А Майор зачем-то считал капли, капающие в вену из банки, подвешенной к крюку лебедки, сбивался и начинал снова считать. Потом он уснул, а проснулся, уже когда два гроба стояли во дворе возле старого колодца под каштаном. В одном — его Мина, в другом — его Генерал. Он встал между ними и спросил тихо: «А Рута где?» Никто не ответил, и он больше не спрашивал, только озирался по сторонам, вот как сейчас на кладбище. Будто ждал чего-то. И слышал голос, который звал его: «Йорчик, Йорчик! Иди скорее сюда, не оглядывайся, Йорчик!»

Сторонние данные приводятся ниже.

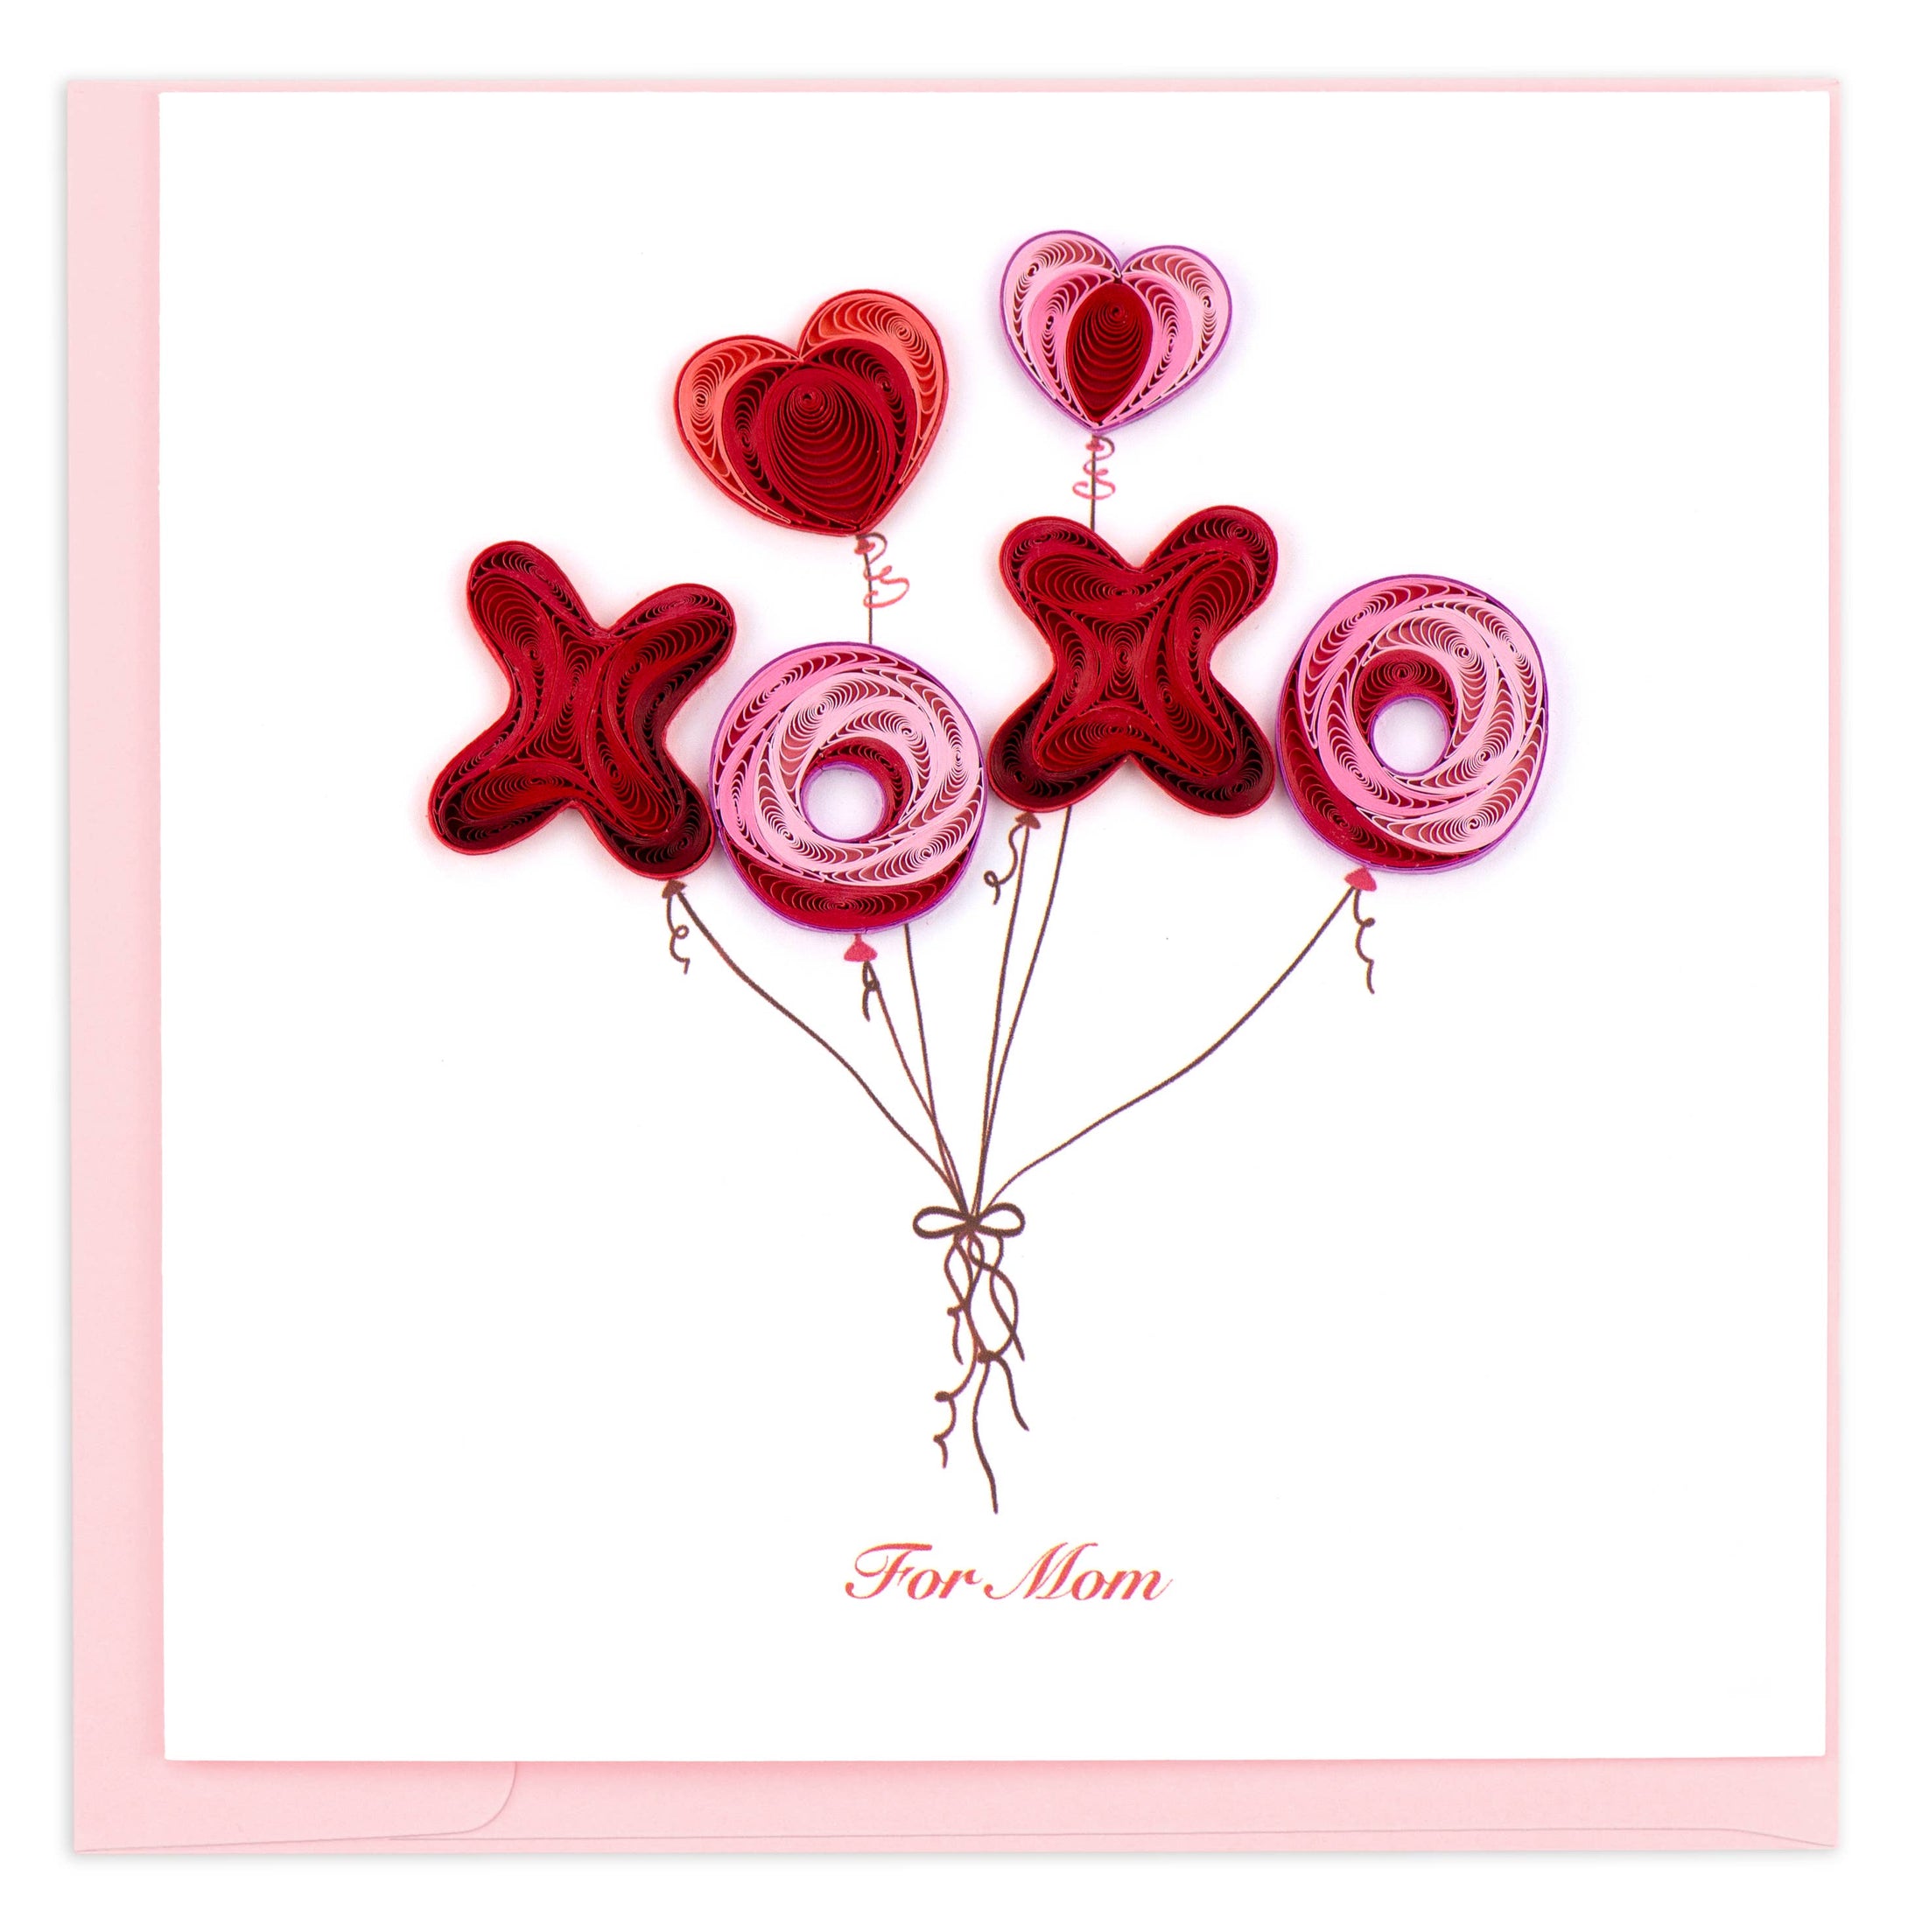 NIQUEA.D Quilled XOXO Balloons Valentine's Day Card
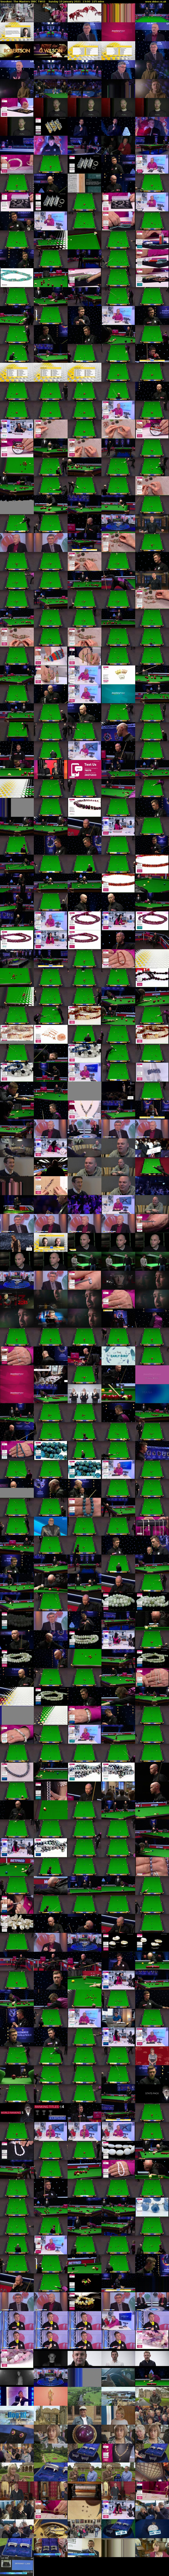 Snooker: The Masters (BBC TWO) Sunday 10 January 2021 13:00 - 16:45

Он все же оглянулся. Йорчиком его звали только в давнем, забытом детстве. Здесь не было никого, кто помнил бы это имя или осмелился так назвать его. Родственники побаивались и недолюбливали Майора, друзей детства у него не было, да и вообще не было друзей. Даже Мина никогда не звала его Йорчик, в самые-самые интимные минуты, когда она отдавалась ему вся, и он вжимал ее в себя так крепко, что она начинала задыхаться, она шептала: «Майор, дорогой, ты меня задушишь». А губы улыбались расслабленно, всегда улыбались.
Когда это было!
Теперь ему кажется, что он никогда не целовал эти мягкие припухлые губы, никогда не был близок с этой строгой, надменной неприступной женщиной. Она и в гробу была красива, тело все искромсано, а лицо не пострадало. Он хотел поцеловать ее последний раз, наклонился близко-близко, почти коснулся губами ее губ — и не смог. Отпрянул, будто она оттолкнула его. И холодом повеяло мертвецким. Генерала поцеловать он и вовсе не мог, гроб был закрыт, на крышке лежала фотография. Он хотел поцеловать фотографию, но почему-то не сделал это. Еще раз посмотрел по сторонам — все плачут навзрыд, уже обессилели, только он, Майор Саперман, не проронил ни слезинки.